* [AVAILABLE DATA]:
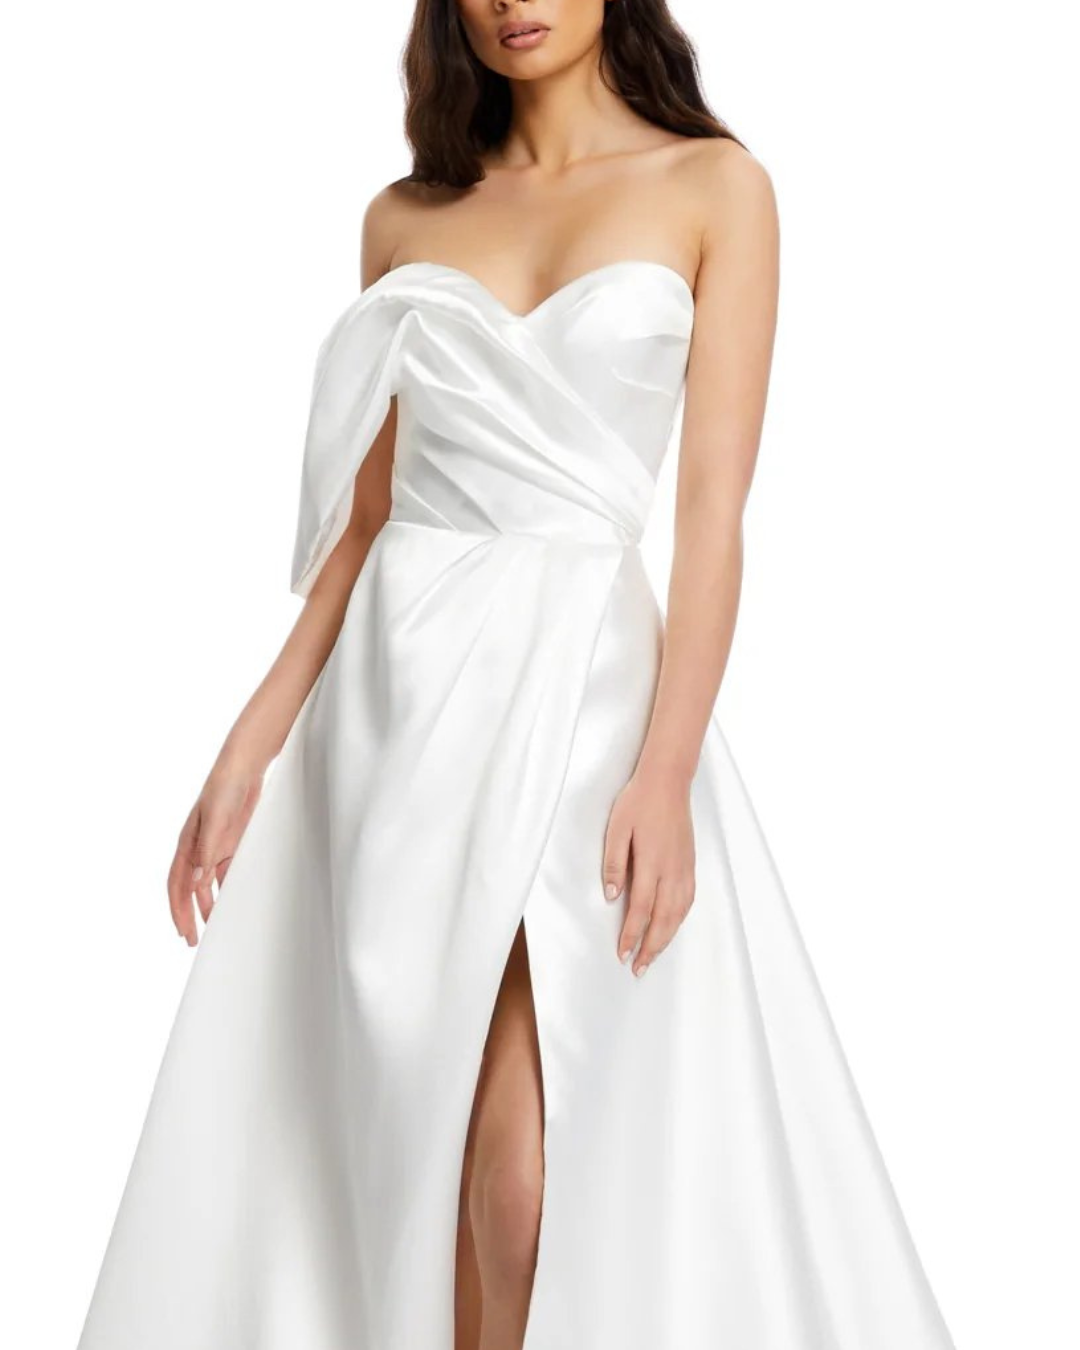 Close View of Model Wearing Banks Modern Wedding Dress
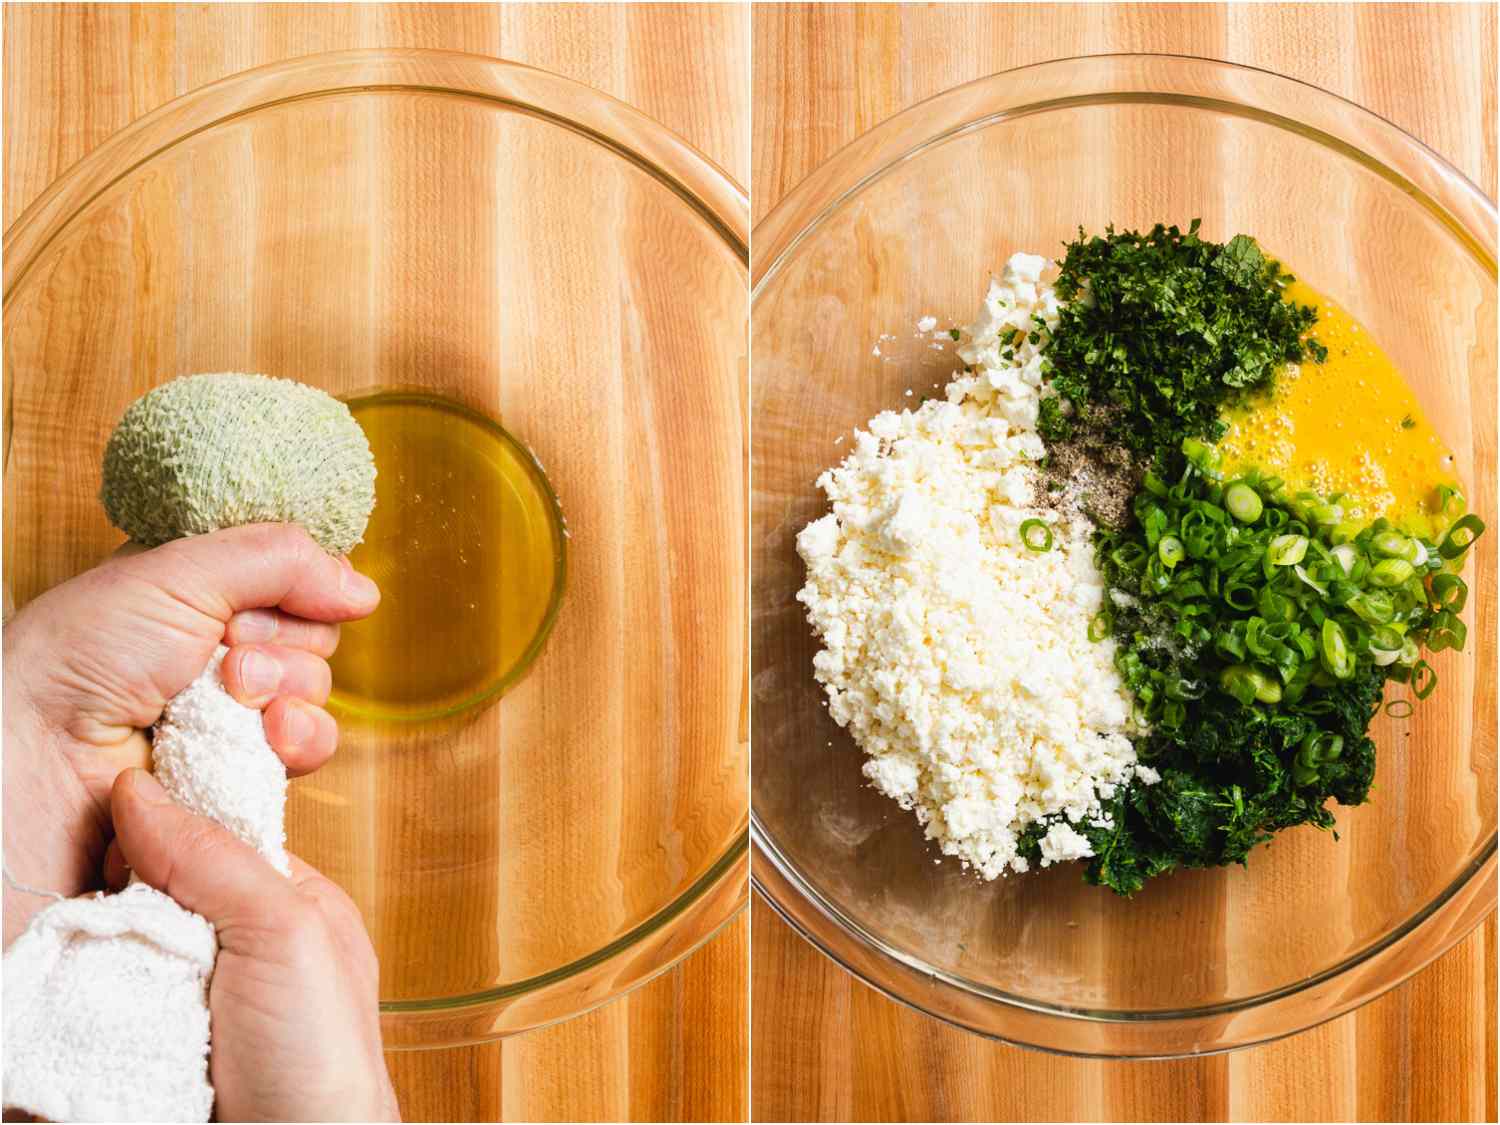 拼贴:用毛巾把煮熟的菠菜里的水挤出来;另一碗，里面有奶酪、鸡蛋、葱花和切碎的菠菜gydF4y2Ba
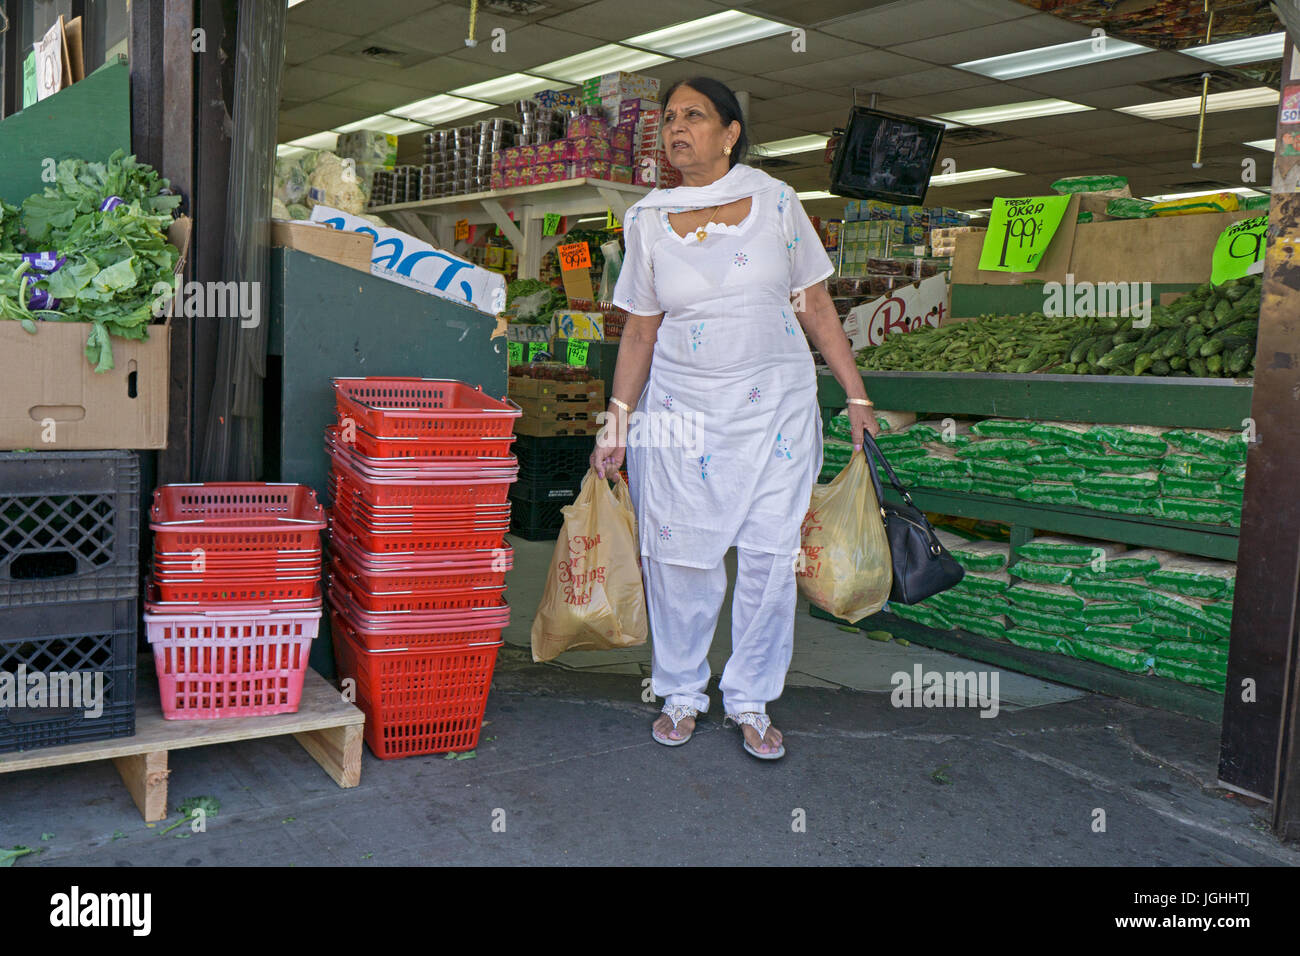 Asiatische Frauen in ethnische Mode einkaufen in einem Supermarkt an der 37th Avenue in Jackson Heights, Queens, New York City. Stockfoto
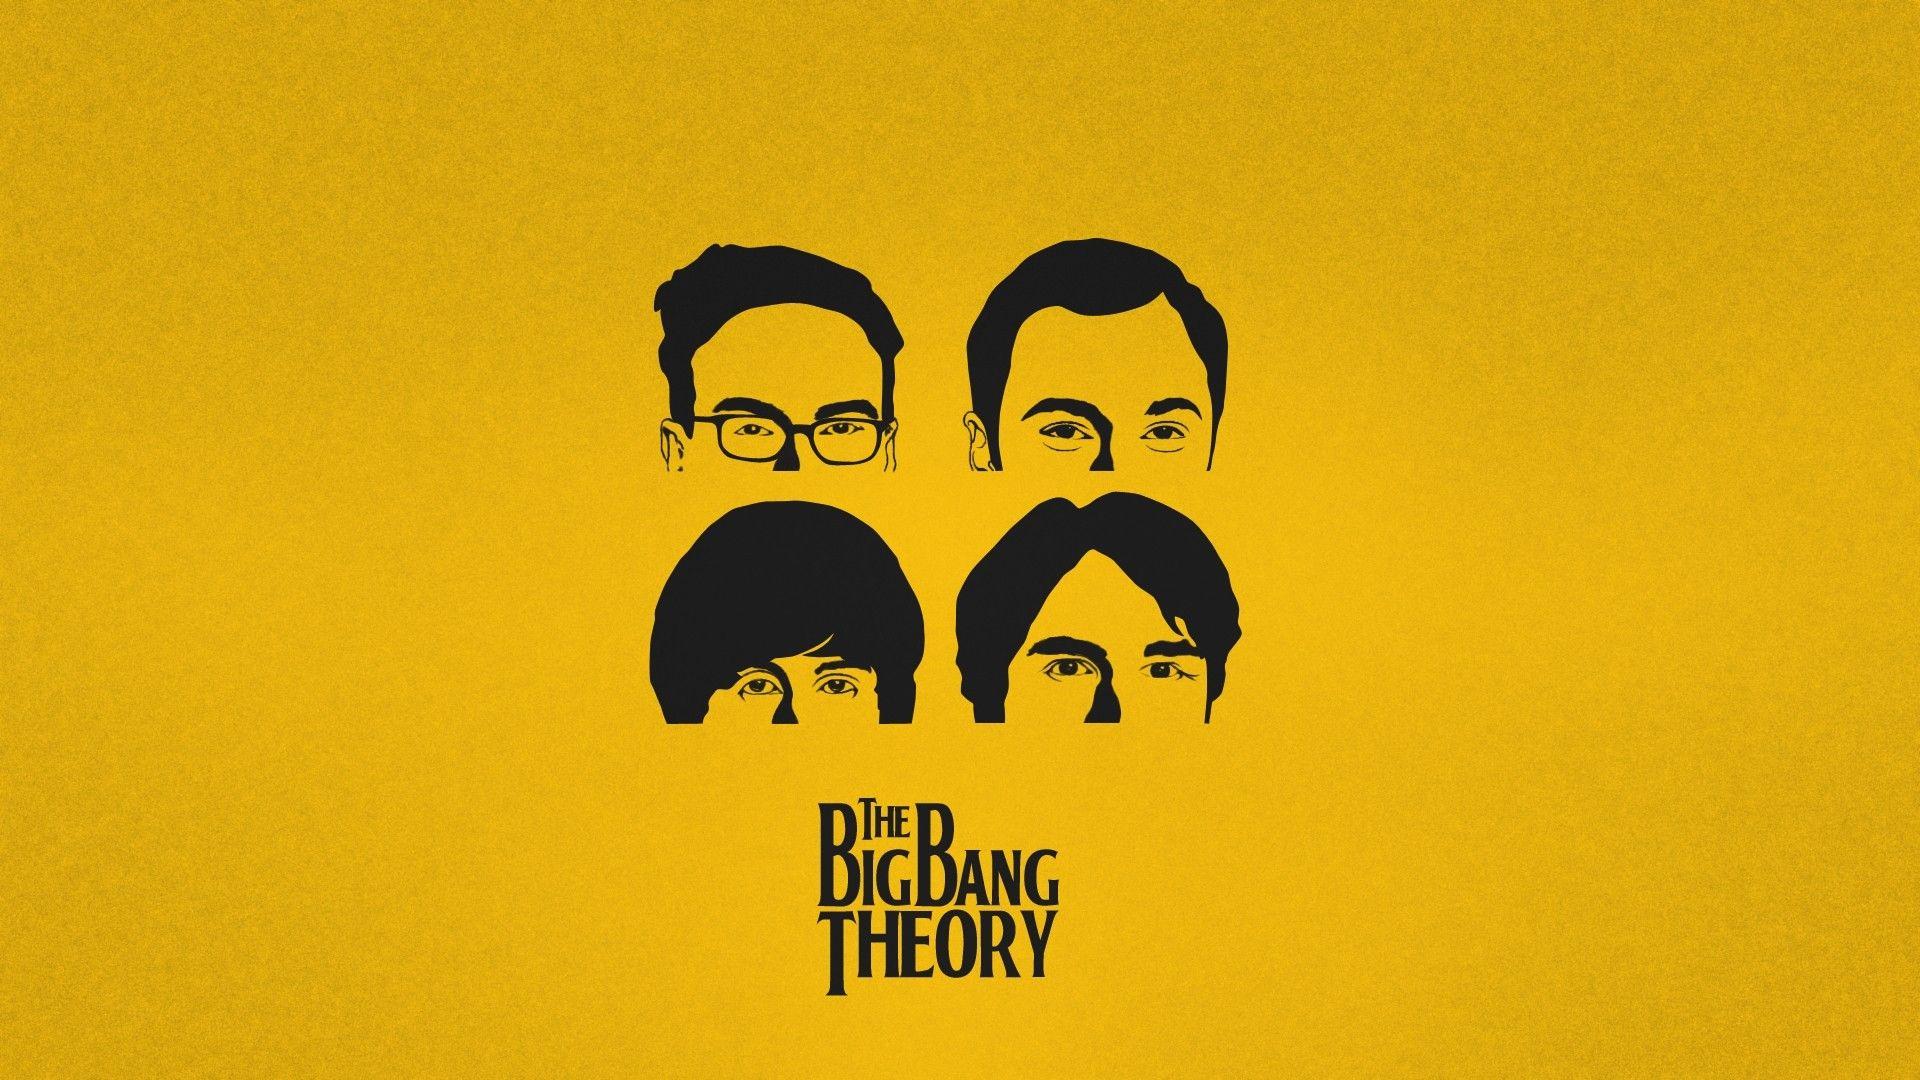 The Big Bang Theory Wallpapers - Wallpaper Cave
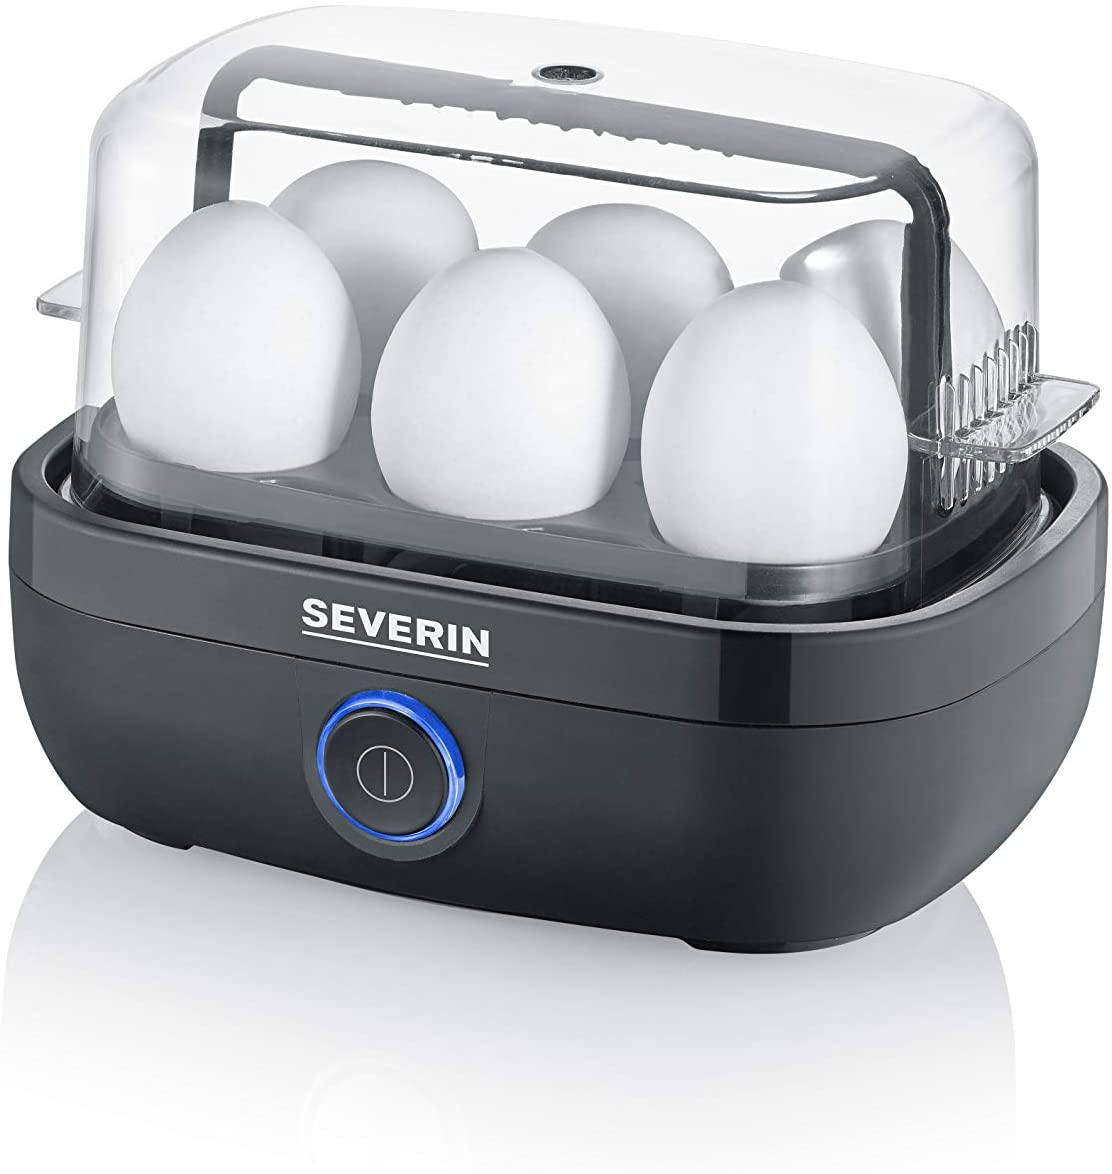 Severin Italia Ek 3165 Egg Boiler

* [WHAT THE EXERCISE ASKS]: A word-for-word repeat of the lines from the line with "Asiatische Frauen in" to the last line of the data, both ends included and pictures left out, is all that should appear.

* [RESULT OF THE EXERCISE]:
 Asiatische Frauen in ethnische Mode einkaufen in einem Supermarkt an der 37th Avenue in Jackson Heights, Queens, New York City. Stockfoto
 The Big Bang Theory Wallpapers - Wallpaper Cave
 Severin Italia Ek 3165 Egg Boiler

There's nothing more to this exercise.